Discussion in 'Basses [BG]' started by KPO2000, Sep 27, 2001.

  1. KPO2000

    KPO2000 Supporting Member Supporting Member

    Sep 5, 2001
    I posted this question elsewhere, but I'd like to get as many different views as possible.

    If money was not an issue and condition of both were comparable and you HAD to choose ONE of the following to be your sole player, which would it be...

    a '77 MM Stingray or a '63 Fender Jazz Bass

    ...and why?

    Interested in your thoughts.
  2. If you're sure it's pre-CBS and mint, the Precis...in my sleep!!! Very versatile bass that continues to become worth even more of a fortune every year.

    If it's been modded to death, I'd go for the Ray, even though it's not as versatile as the Precis, IMO.
  3. embellisher

    embellisher Holy Ghost filled Bass Player Supporting Member

    Rick, he said Jazz, not Precision.;)

    KPO2000, first I want to say welcome to Talkbass.:)

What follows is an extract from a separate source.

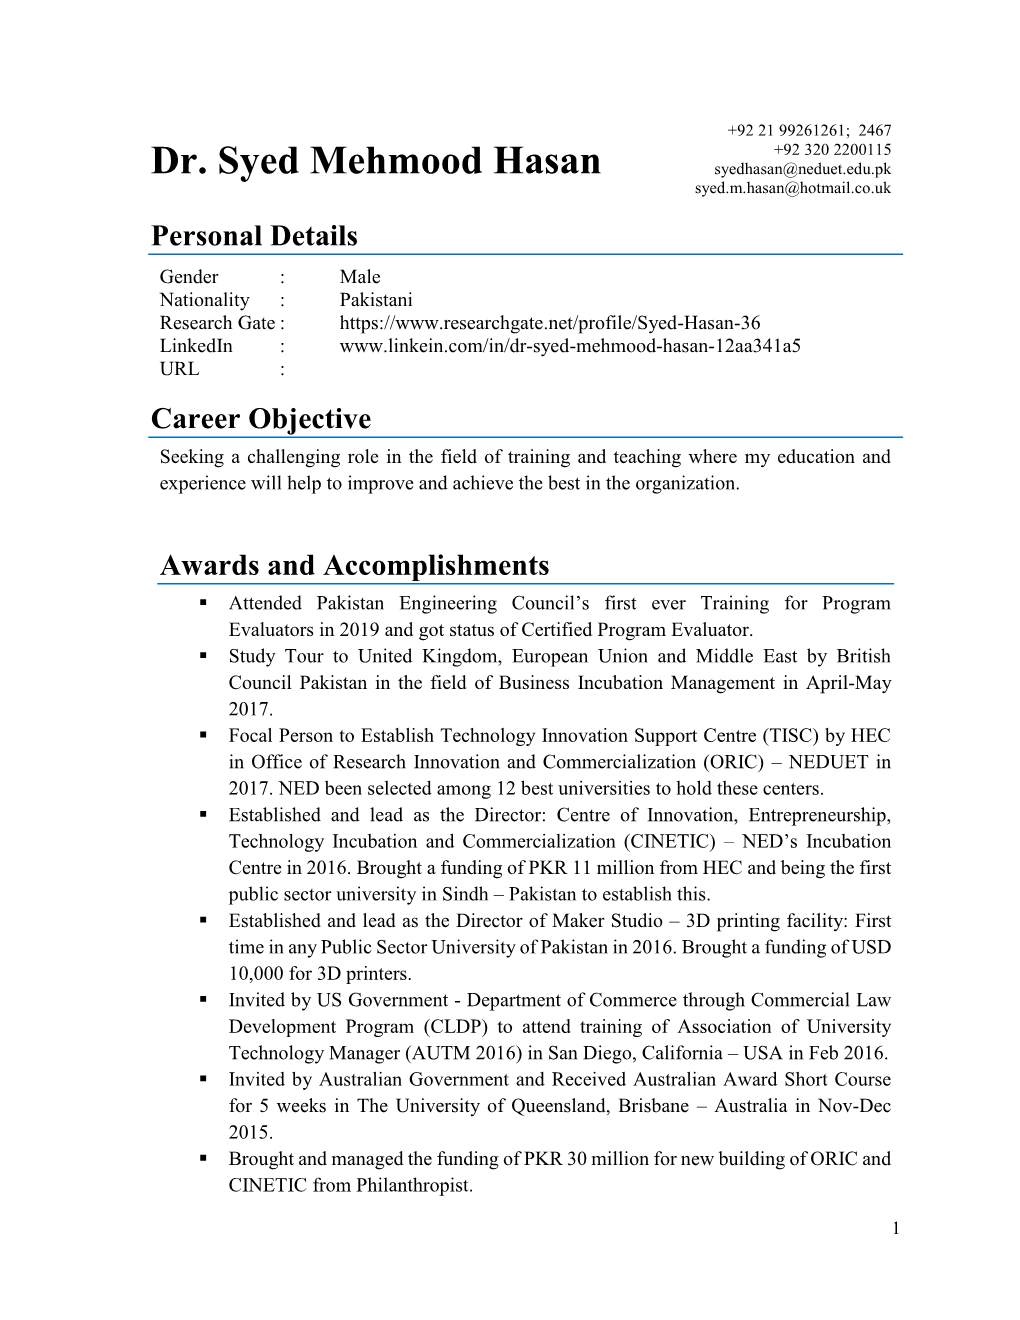 Dr. Syed Mehmood Hasan
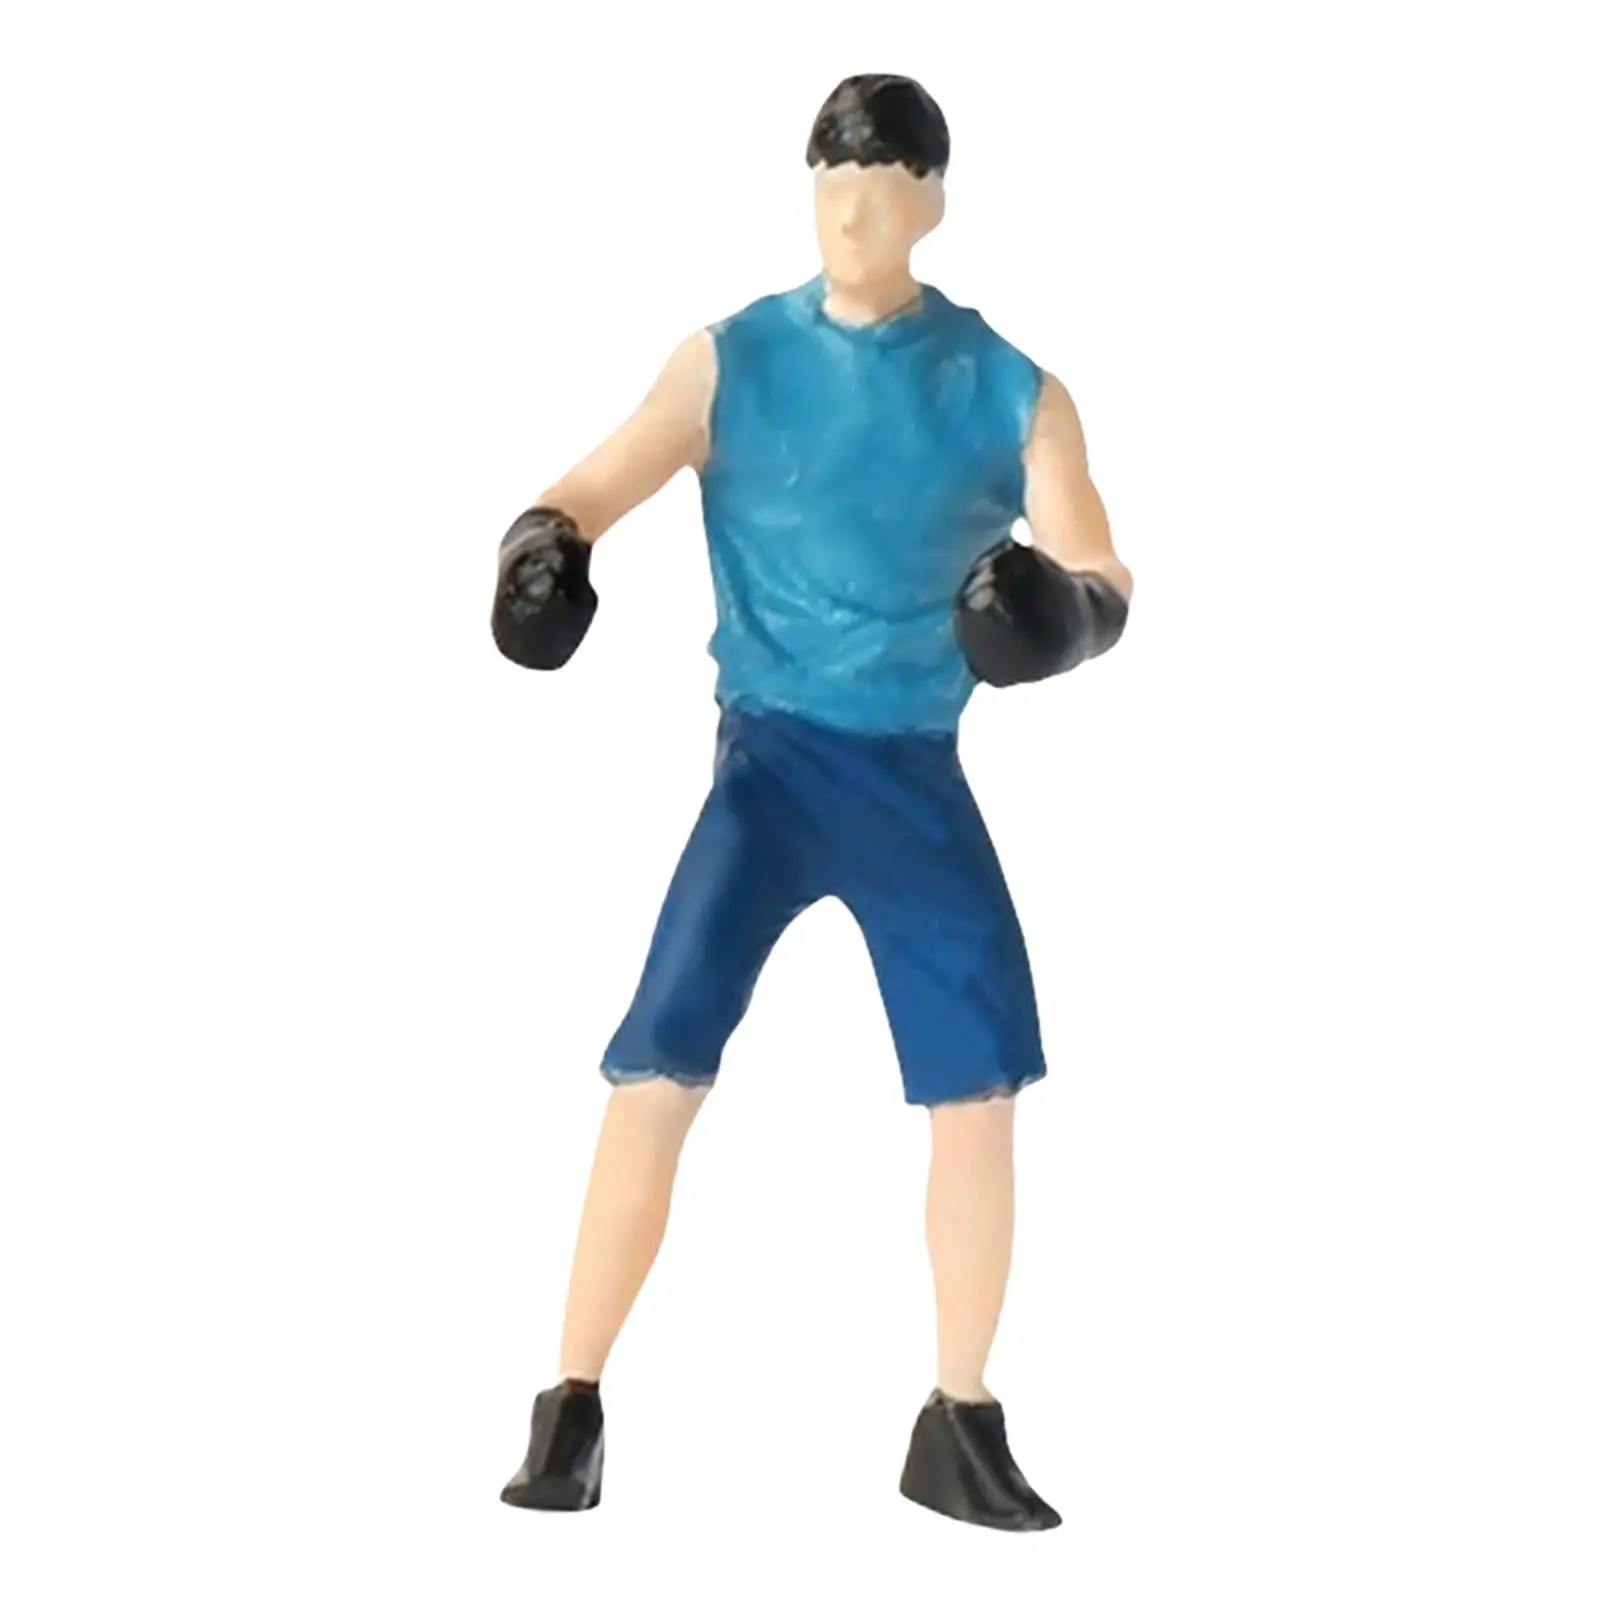 1/64 Scale Models Figurine Boxing Man People Figures for DIY Scene Decor

    Now, if I had to make that choice, and the Jazz had not been modified, I would take the Jazz in a heartbeat. Pre CBS Jazz, that would be probably the 4 string that I would want most, if money were no object.

    The main reason that I would take the Jazz is because I am a Jazz man at heart. The tone and the look of the Jazz is what I always lean towards. I love my Peavey Cirrus, but if I had to choose between it and a pre CBS Jazz, the Cirrus would be gone. My Zon, it would be a tough choice, but I would probably keep the Jazz, although to my ears, it is capable of the Jaco Jazz bridge pickup soloed fretless tone that a lot of fretlesses don't quite get. And the main reason that I bought my Pedulla Rapture J2 5 is because it is like a great Jazz bass, but with the addition of a great B string, a preamp and quiet pickups.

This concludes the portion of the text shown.